GARWOOD, N.J. -- New Jersey residents have been flooding stores to buy air purifiers because, as we saw Wednesday, the smell of smoke was seeping into some homes, but they were finding Thursday that many places are out of them.
"It's 2-feet-high air purifier. It cleans air. My son has asthma, my daughter has asthma, so we put it in the hallway. It helps us out," Clark resident Frank Williams said.
Williams was glad he bought air purifiers during the pandemic because at the Home Depot in Garwood, the shelves were empty after the store sold out Wednesday.
Williams is taking other precautions, too.
"Windows closed, kids inside. We handed out masks when they left the school, and a lot of them wore masks to school today," he said.
"All of our classrooms do have two air purifiers. We had them on yesterday," said Kelly McHugh, a teacher in Elizabeth.
Her kids say the smoke from the Canada wildfires have been upsetting and eerie at school.
"The sky kind of looked green, and we also had indoor recess ... and it was just weird because the blinds were all open. So, it didn't smell like smoke, but some classrooms had to go downstairs 'cause it smelled really bad, like smoke," Autumn McHugh said.
New Jersey's health officials say children are particularly vulnerable to wildfire smoke because they breathe in more air relative to their size.
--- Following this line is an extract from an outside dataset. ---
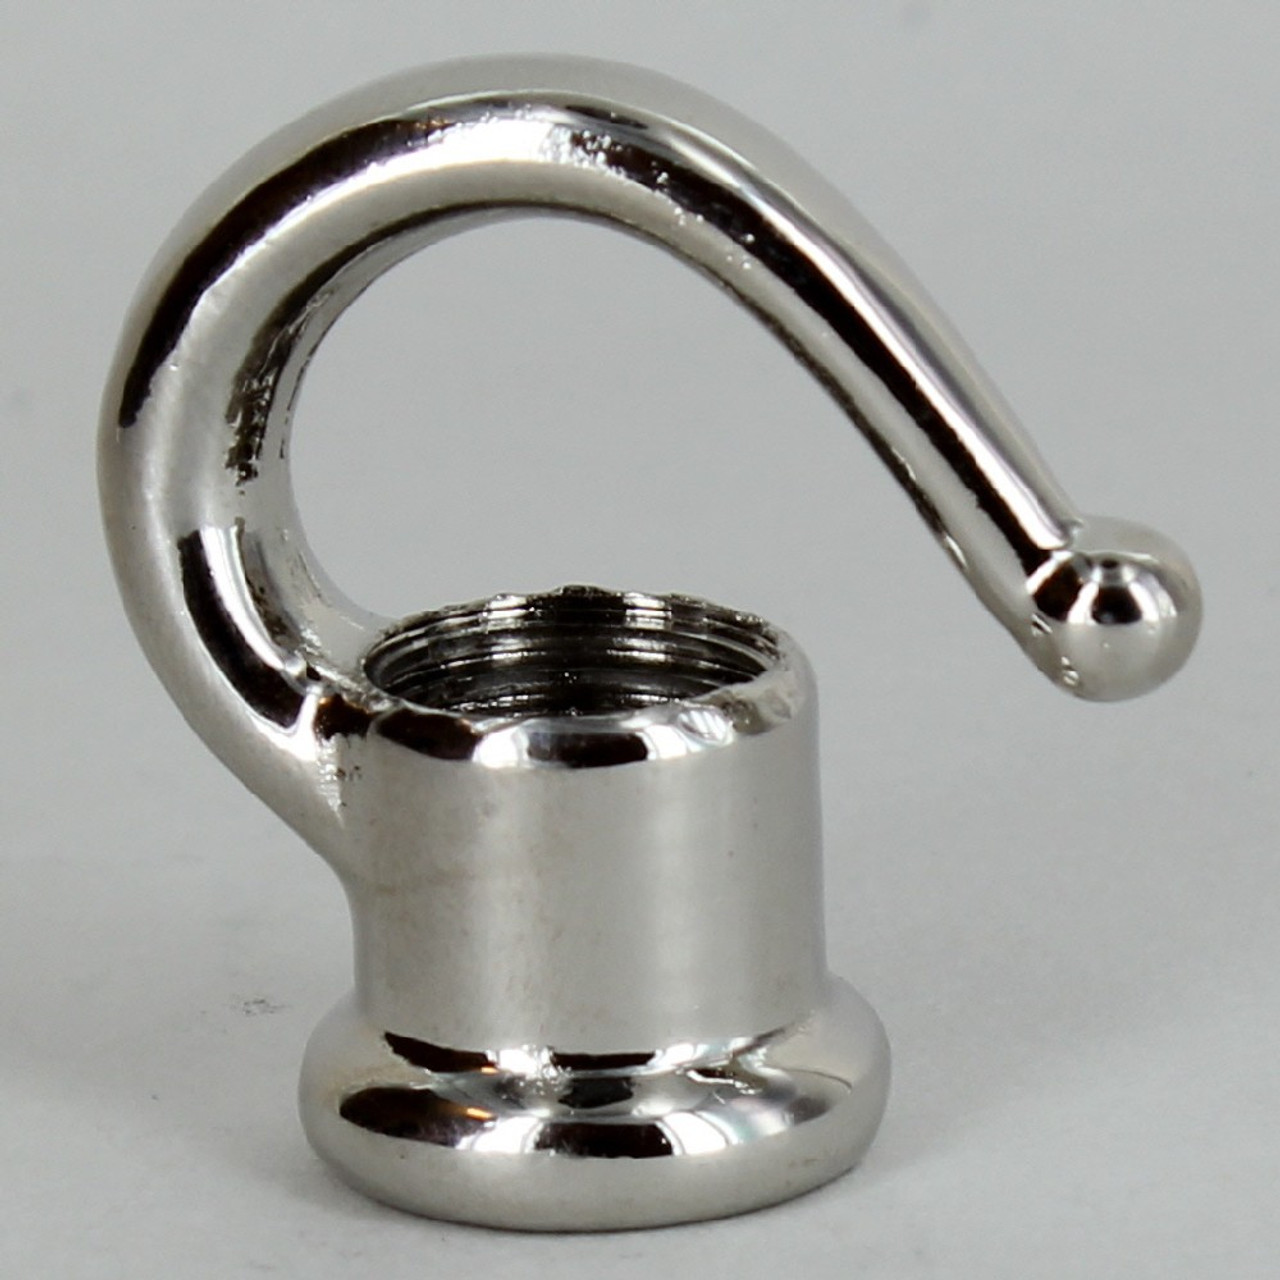 1/4ips. Female Threaded - Hook with Wire Way - Nickel Plated Finish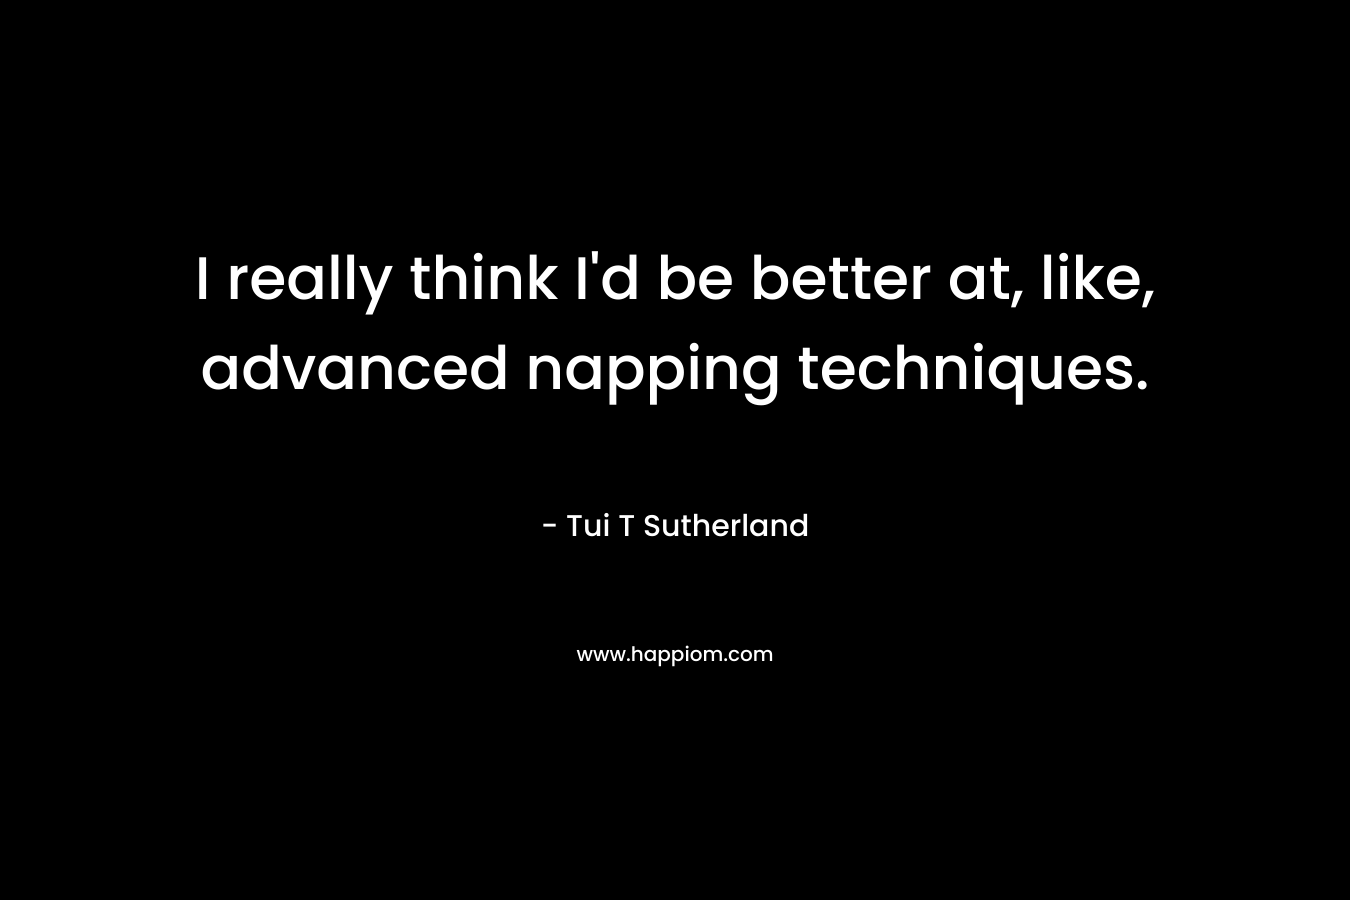 I really think I’d be better at, like, advanced napping techniques. – Tui T Sutherland

They're also urging everyone to remain vigilant by wearing masks outdoors at least through Friday.
"Remember to stay indoors if you can. Close all windows, doors and openings. Place your air conditioner to recirculate if possible," New Jersey Health Commissioner Judith Persichilli said.
The governor is keeping air quality alerts in place, saying the air outside is still unhealthy.
"Everyone should try and limit their time outdoors today and avoid strenuous activities," Gov. Phil Murphy said.
The governor says he's keeping the Air Quality Alert in place through Friday.